The last feature I examined is the active_member feature, as it was deemed the most important from our feature importance graph. Again, this only tells us the feature appeared most across all boosting rounds and could be driving a positive or a negative change. Once It was dropped, results declined and a quick McNemar test confirmed this. Active member is an important and positive predictor of change. 

### 7. Conclusions

#### Final XGBoost Model Stats:

##### Precision for Class 0 (Customer Retained): 90%. This means that for all positive class 0 predictions (predicting a customer as retained), 90% of them were correct.

##### Recall for Class 0 (Customer Retained): 86%. This means our model was able to capture 86% of positive instances. 86% of the time, if a customer was indeed retained and not churned, the model captured it.

##### Precision for Class 1 (Customer Churned): 55%. This means that for all positive class 1 predictions (predicting a customer as churned), 55% of them were correct.

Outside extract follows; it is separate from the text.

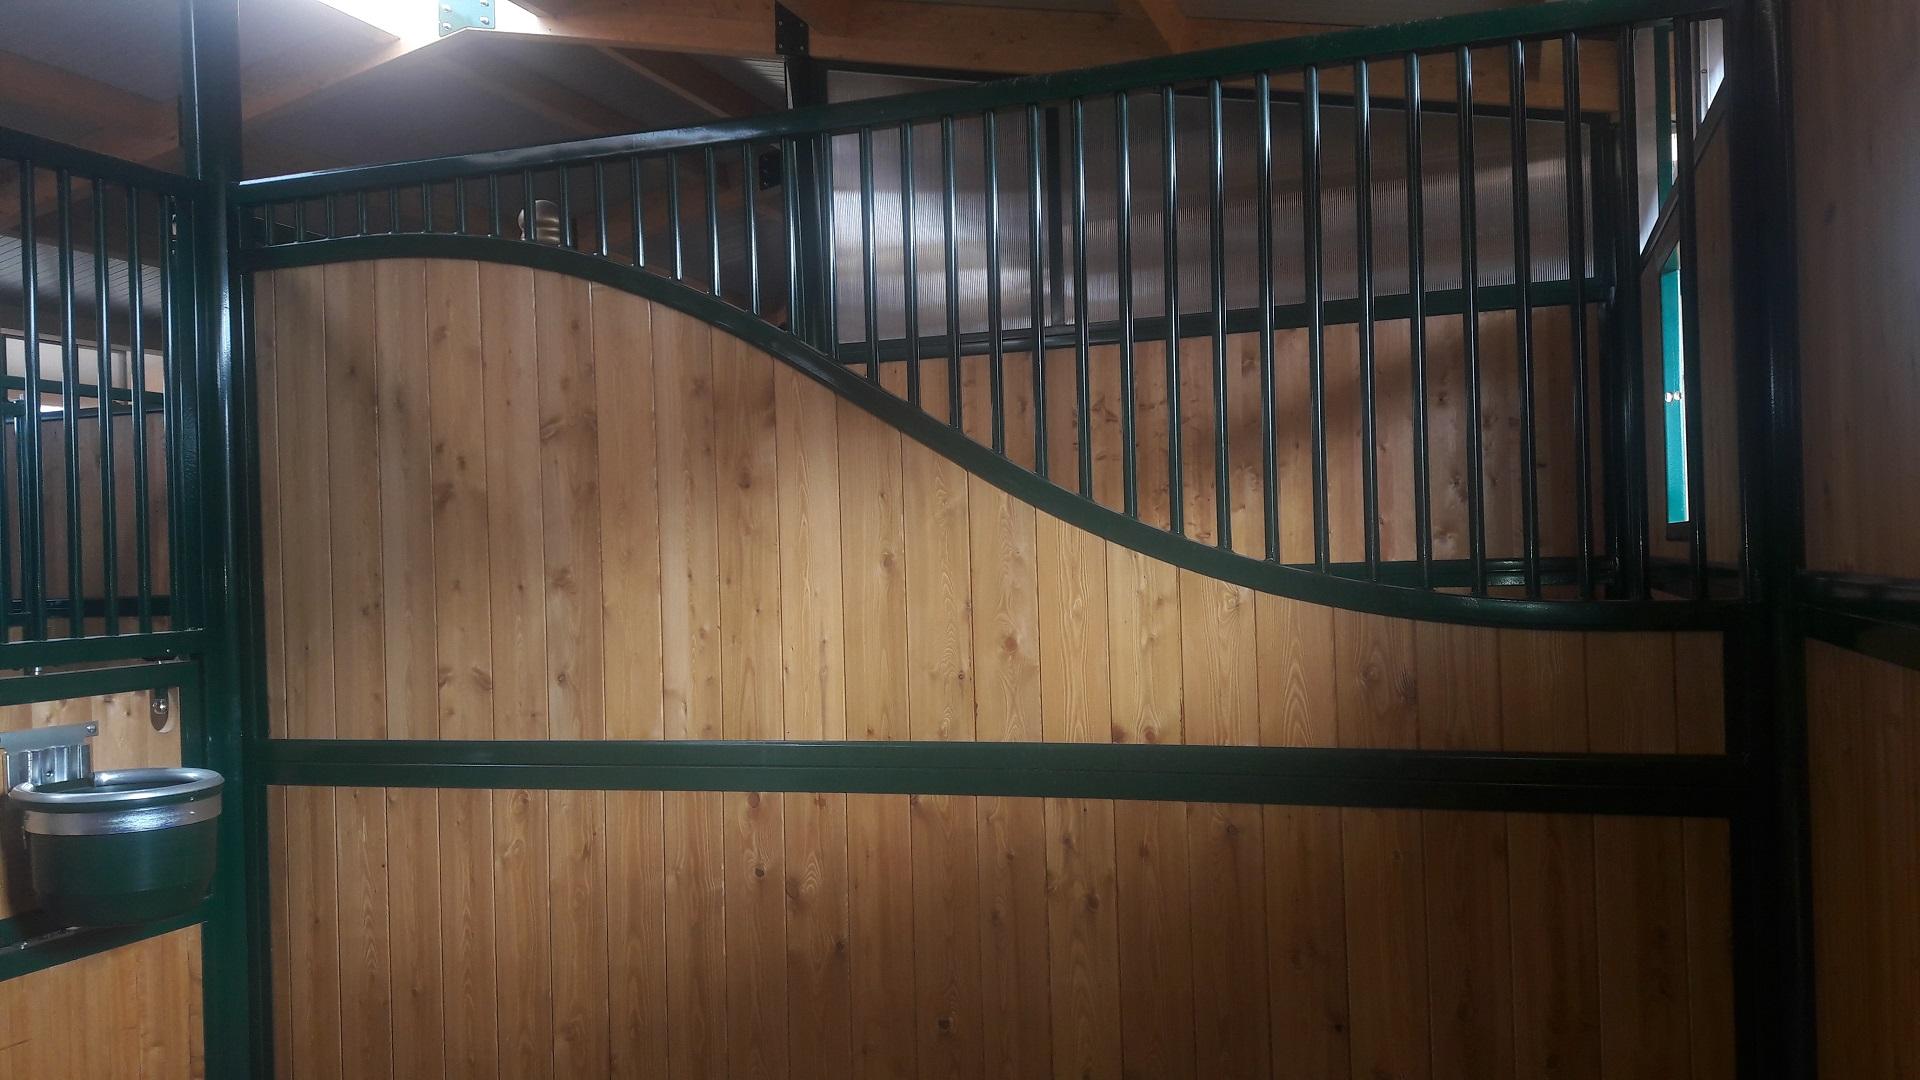 Divisorio con intelaiatura in ferro zincato e verniciato (sistema Triplex) tamponato a legno larice spessore 43 mm nella parte bassa, parte alta parzialmente tamponata a legno larice spessore 33 mm e parzialmente grigliata a barre

##### Recall for Class 1 (Customer Churned): 65%. This means our model was able to capture 65% of positive instances. 65% of the time, if a customer was indeed churned and not retained, the model captured it. A 15% increase from the baseline model. 

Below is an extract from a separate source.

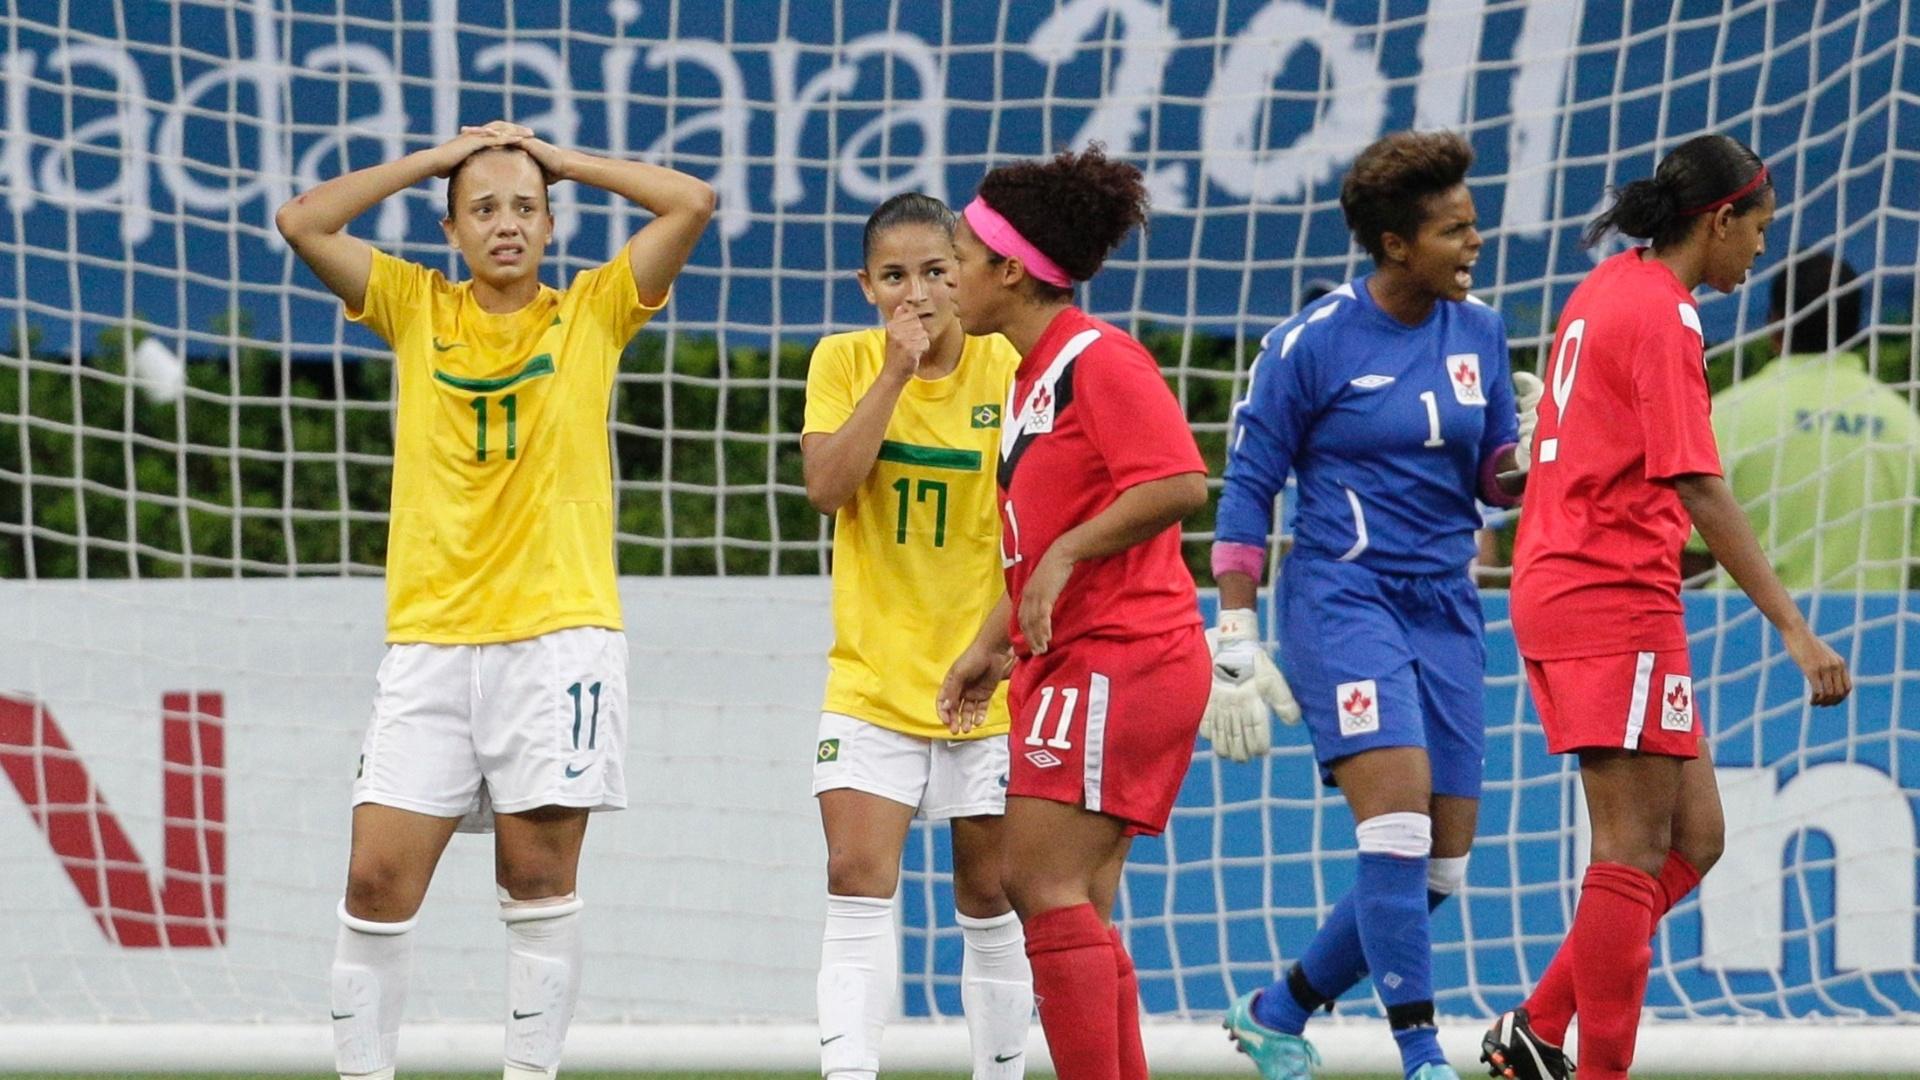 Brasil perdeu para o Canadá por 4 a 3 nos pênaltis, na decisão do futebol feminino (27/10/2011)

Class 1 precision remains a problem, and the reality is I could spend weeks and months methodically working through this to further improve results. In the real world, I'd certainly do that.

For the purposes of this project, I can only take it so far, but I'm happy with what I've learned as a result. Tying back with my EDA, what can I walk away from this and say to the bank?

For the given data:

EDA showed more customers who were not active members churned, and removing that feature from modeling drove negative results. Given the two in combination, it appears the chance of losing a customer who is an active member is lower than the chance of losing a customer who is not an active member.

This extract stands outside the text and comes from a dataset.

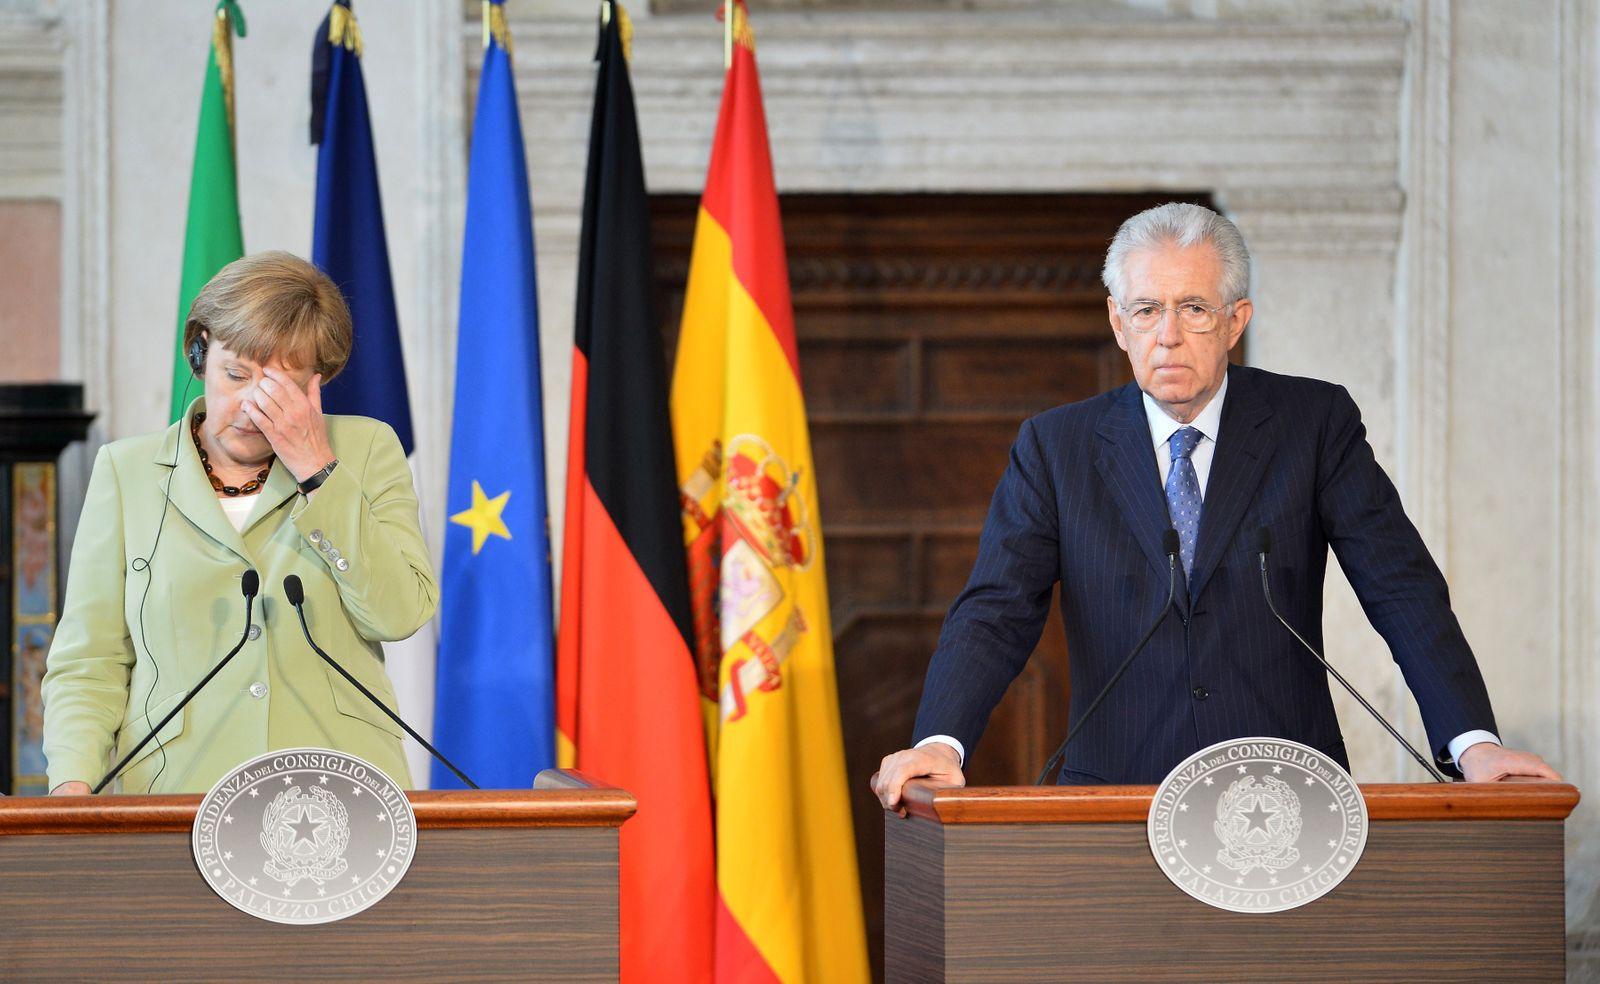 EU-Gipfel Monti / Merkel

Customers with two products are least likely to leave the bank, with churn % greatly increasing past two products, though data there is limited. 

Credit Score does not appear a significant factor in customer attrition, shown both in EDA results and model feature importance.

The average age of customers who have churned is higher than the average age of customers who have not churned, and it appears fairly significant from modeling as well.

Germany exhibits the highest churn rate, both as an absolute total and as a percentage compared to total customers.

Female customers are far more likely to churn than male customers.

Given the findings, a strategy moving forward may be to further investigate what's happening in Germany and what's happening with female customers to drive abnormal attrition rates among both.

### 8. Moving Forward

Moving forward, I would perform the same type of analysis seen for the male feature and the active member feature on every feature in the dataset. Once that was done, I could move onto other optimization techniques. The reality is, optimizing a model can take many months, much more time than the few weeks allotted for this project. There are so many different approaches to optimizing a model, so many new ideas and approaches coming out every day. It can be overwhelming to try and consider them all.

In the end, we need any model we create to accomplish a specific goal tied to a concrete business objective. Once the model is performing in such a way that it accomplishes that goal, it's time to move on. As for my model, it's not there yet, but it's getting there. For the purposes of this project, I'm leaving things here, but I'm confident I could drive class one recall higher given enough time. The question then becomes: Is the time and resources allotted to building the model worth the potential payout? All things to be carefully considered.